Внезапно тишину нарушила Нина Васильевна, которая выдала по обыкновению едким голосом:
— Мда, Горелова, а мы и не знали, что ты умеешь так играть и петь. А почему ты тогда со всех смотров самодеятельности уклонялась?
— А что это за песня? — спросила Аннушка. — Революционная какая-то? Я ее ещё не слышала. И что такое "плюхи"?

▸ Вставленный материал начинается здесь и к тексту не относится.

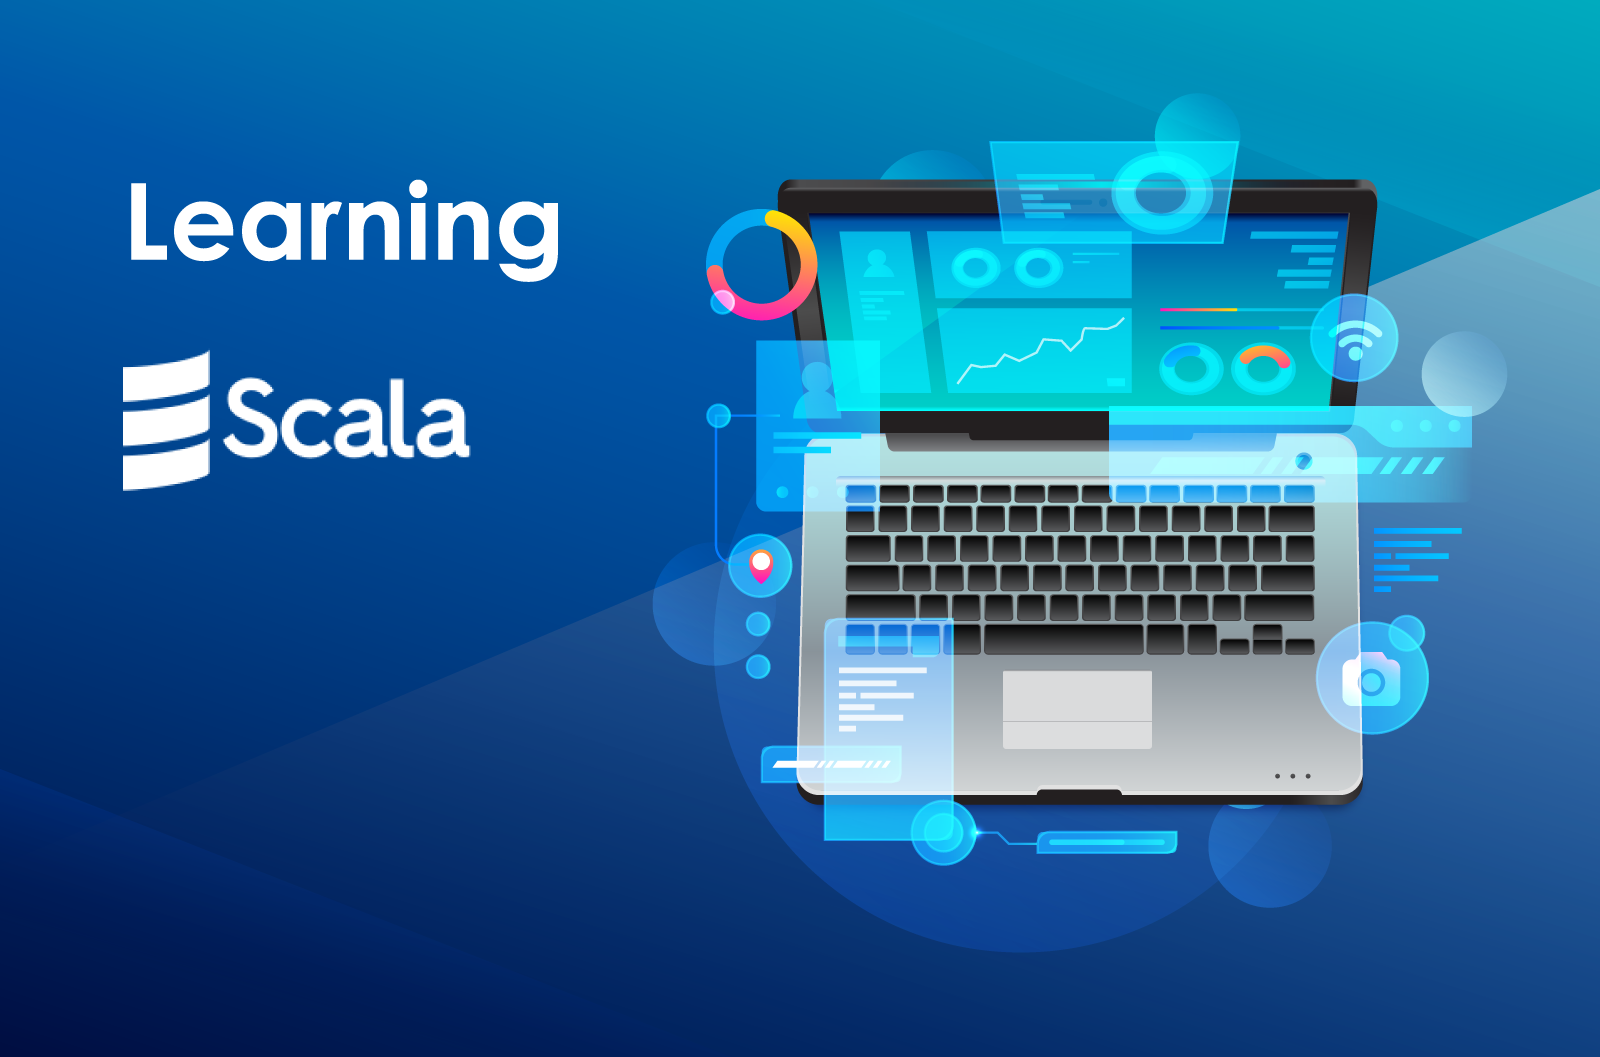 Learning Scala by Example, chapter 4

Я что-то промямлила, затем, когда внимание переключилось на следующего исполнителя — черноусого мужика (его, кстати, звали Генка), встала и пошла в палатку спать, хоть и было светло. Руки у меня подрагивали. Что-то нервы совсем ни к чёрту… то камень… то плюхи…
По щеке мазнуло порывом мокрого ветра, и я заторопилась. Нога зацепилась за корень ерника — я поскользнулась на мокрой траве, растянулась у входа в мою палатку, задев рукой что-то мерзкое. Я глянула и обомлела — прямо у входа в палатку лежали две мертвые мыши. Без голов. Головы лежали отдельной кучкой.
Больше от неожиданности, чем с перепугу я заорала.
— Настоящая женская месть — страшная сила! Даже у кошки, — флегматично прокомментировал Митька, когда все выскочили на мои крики. И весь лагерь накрыл дружный гомерический хохот.
Ну, а что — да, боюсь я мышей! Особенно мертвых.
А утром дождь перестал и вернулись наши. Они принесли страшную весть…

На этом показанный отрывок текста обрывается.